It has been several years since Meg has left Kelegeen, Ireland, for America to find a better life for her family after the famine. Right before she stepped on the boat, she married Rory, but the marriage was not consummated in case they never saw each other again. Meg finds work as a live-in maid and sends money home, but also saves some and buys herself some new things every once in a while. The money makes a huge difference back home, Rory tells her in the letters he sends. He is training to take care of horses, but he doesn’t feel right coming to America to be with her until both have a way to be taken care of without him. Meg is starting to worry, though, that when Rory comes their life will be much different than the one she’s accustomed to living in a big house with a bed.

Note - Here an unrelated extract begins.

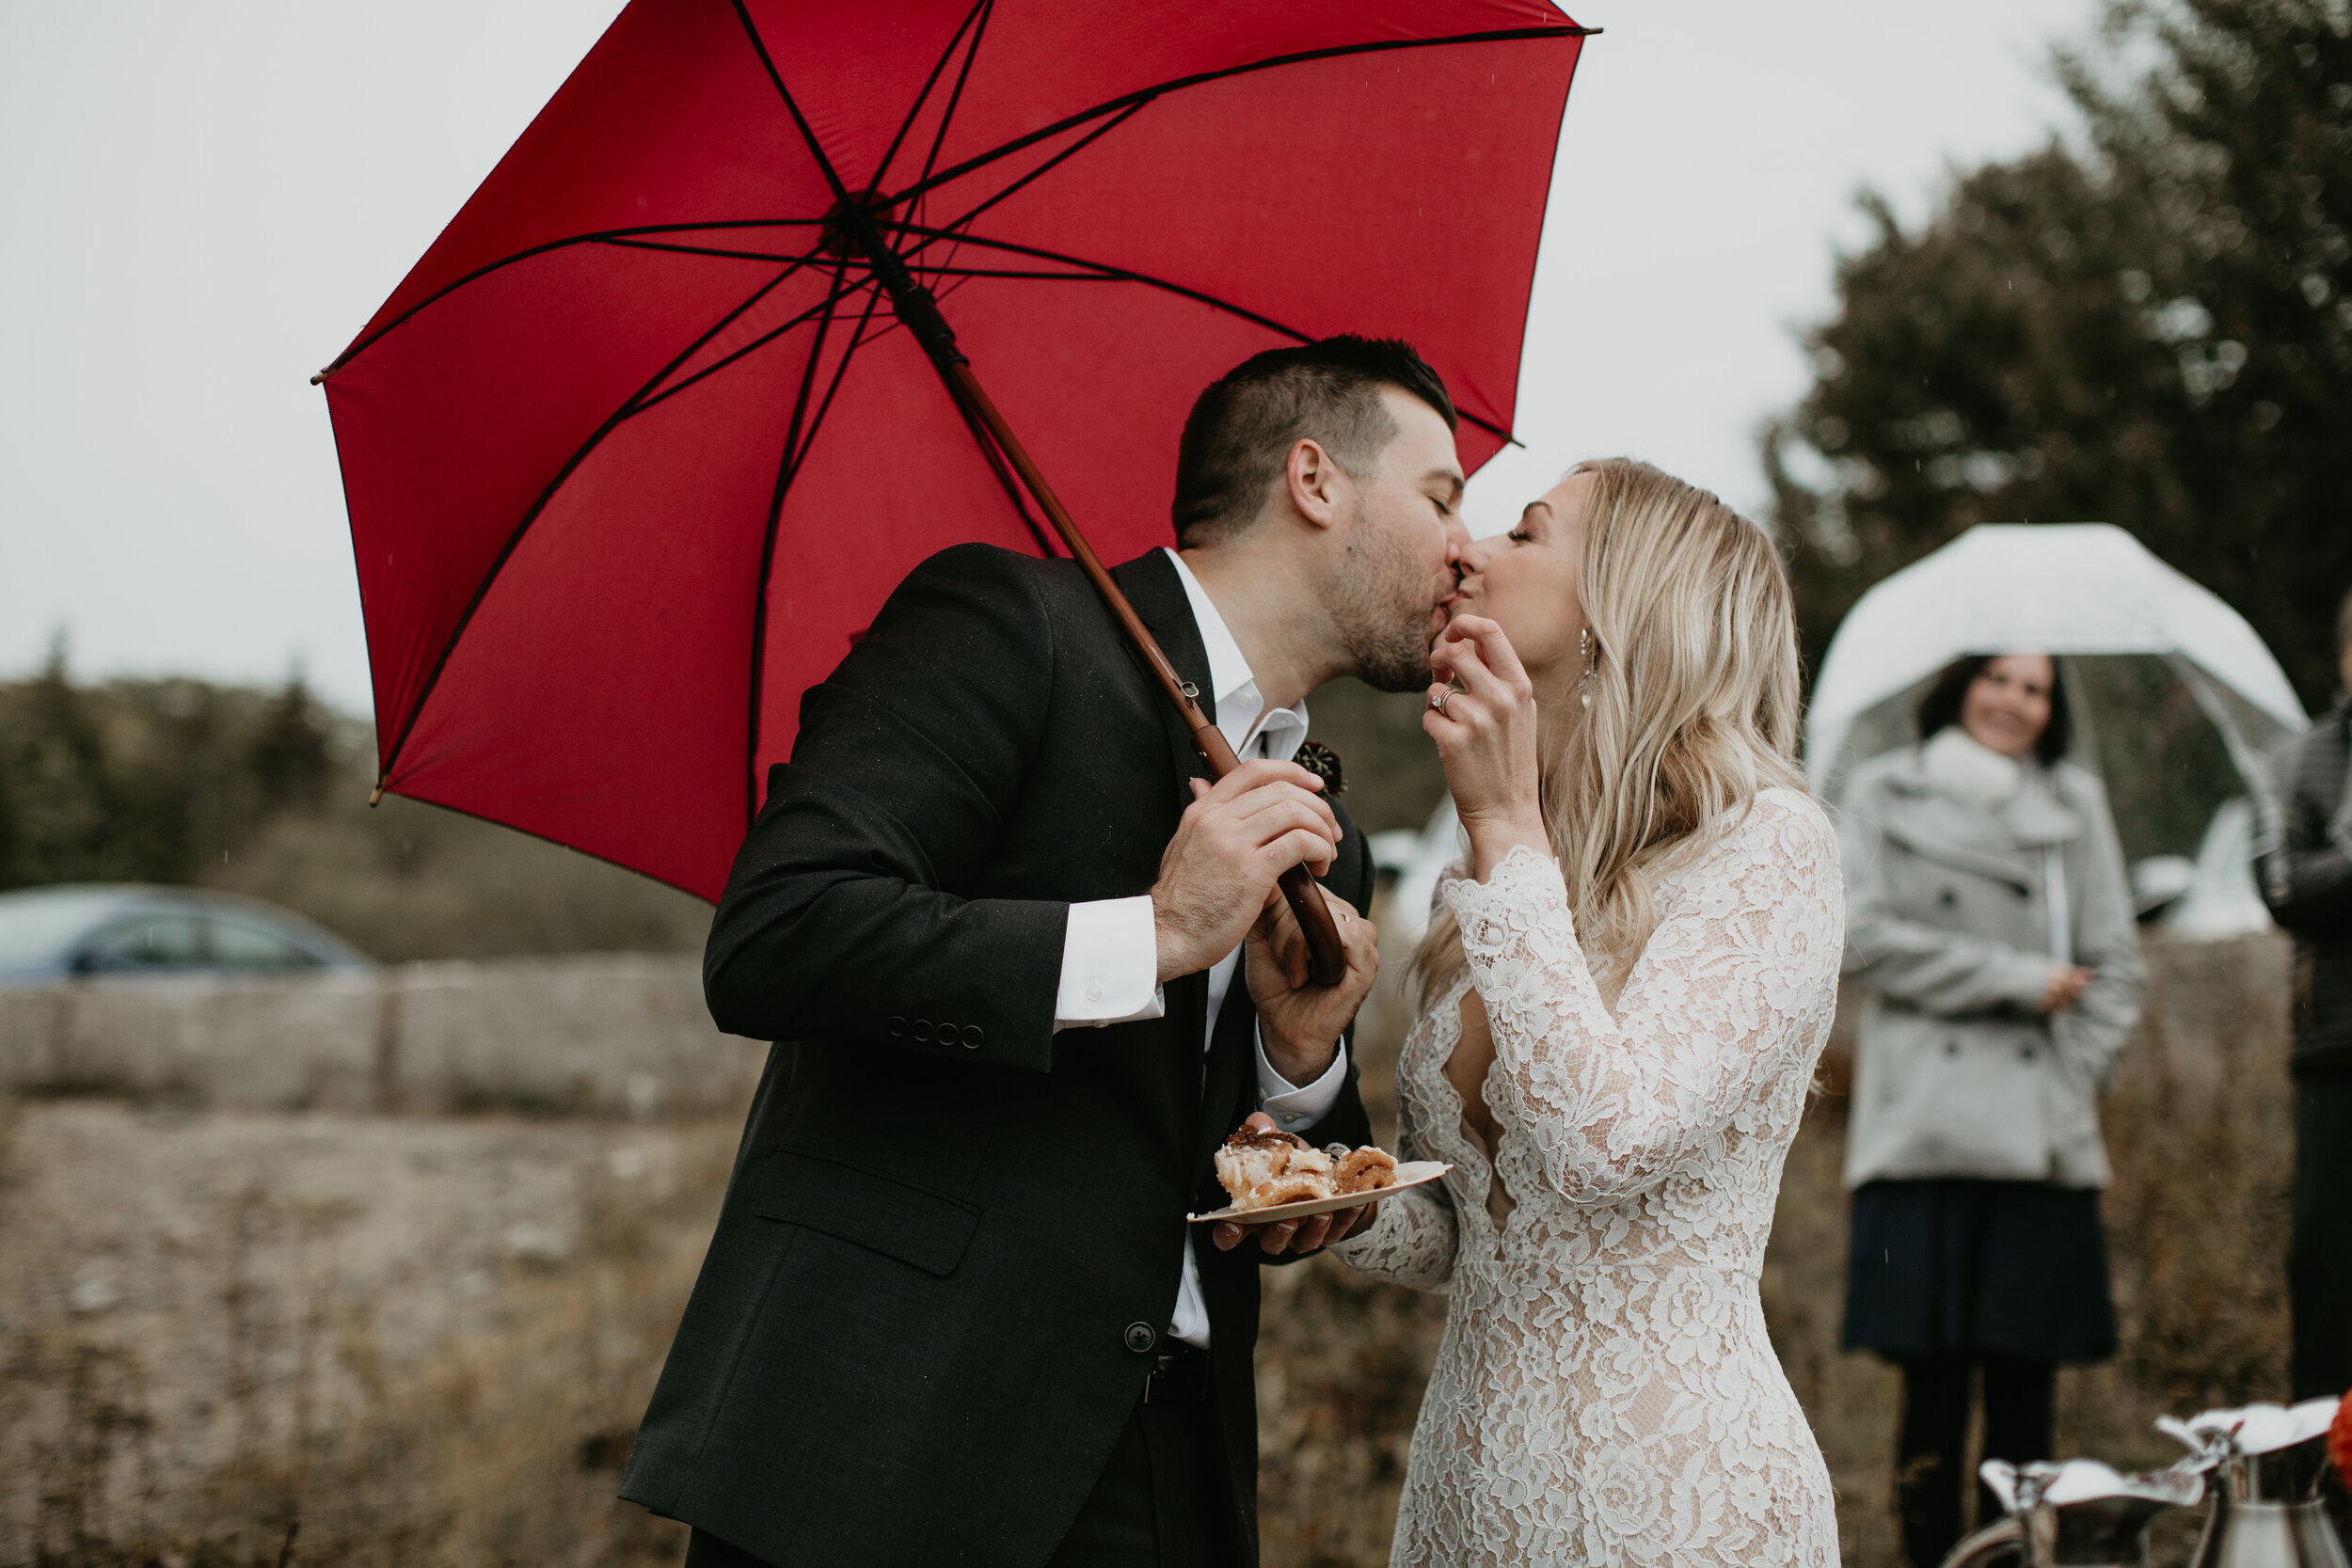 Nicole-Daacke-Photography-Acadia-national-park-elopement-photography-elopement-in-acadia-inspiration-maine-intimate-wedding-destination-elopement-photographer-rainy-day-maine-coast-bar-harbor-elopement-photography-142.jpg

I read Eileen O’Finlan’s Kelegeen in the summer of 2018. I really enjoyed the story of Meg and Rory and what their families and village faced during Ireland’s potato famine. I’ve been waiting for the sequel to come out so I could find out what happened next to the couple. The author provided me a free copy of Erin’s Children in exchange for a fair review. The book was released in December 2020.
While Erin’s Children is set years after the first book, it starts with Meg’s sister Kathleen joining her in America. Meg finds her a place to be a live-in maid, but the family is very anti-Catholic and doesn’t follow through on their promise to provide her a room with a bed. She sleeps on a straw mattress on the kitchen floor and has to avoid the advances of the oldest son. Meg fears for her sister, but because they need the money, there is not much to be done about the situation. The book also follows friends of Meg’s who came over on the same ship and their struggles to make ends meet as married women were not allowed to work except by doing sewing work at home. At every turn, they seem to face people wanting the Irish to leave because of their Catholic beliefs.
Erin’s Children is a fascinating historical fiction book giving a glimpse into life for Irish immigrants in America in the times shortly before the Civil War. Fans of historical fiction will love both Kelegeen and Erin’s Children.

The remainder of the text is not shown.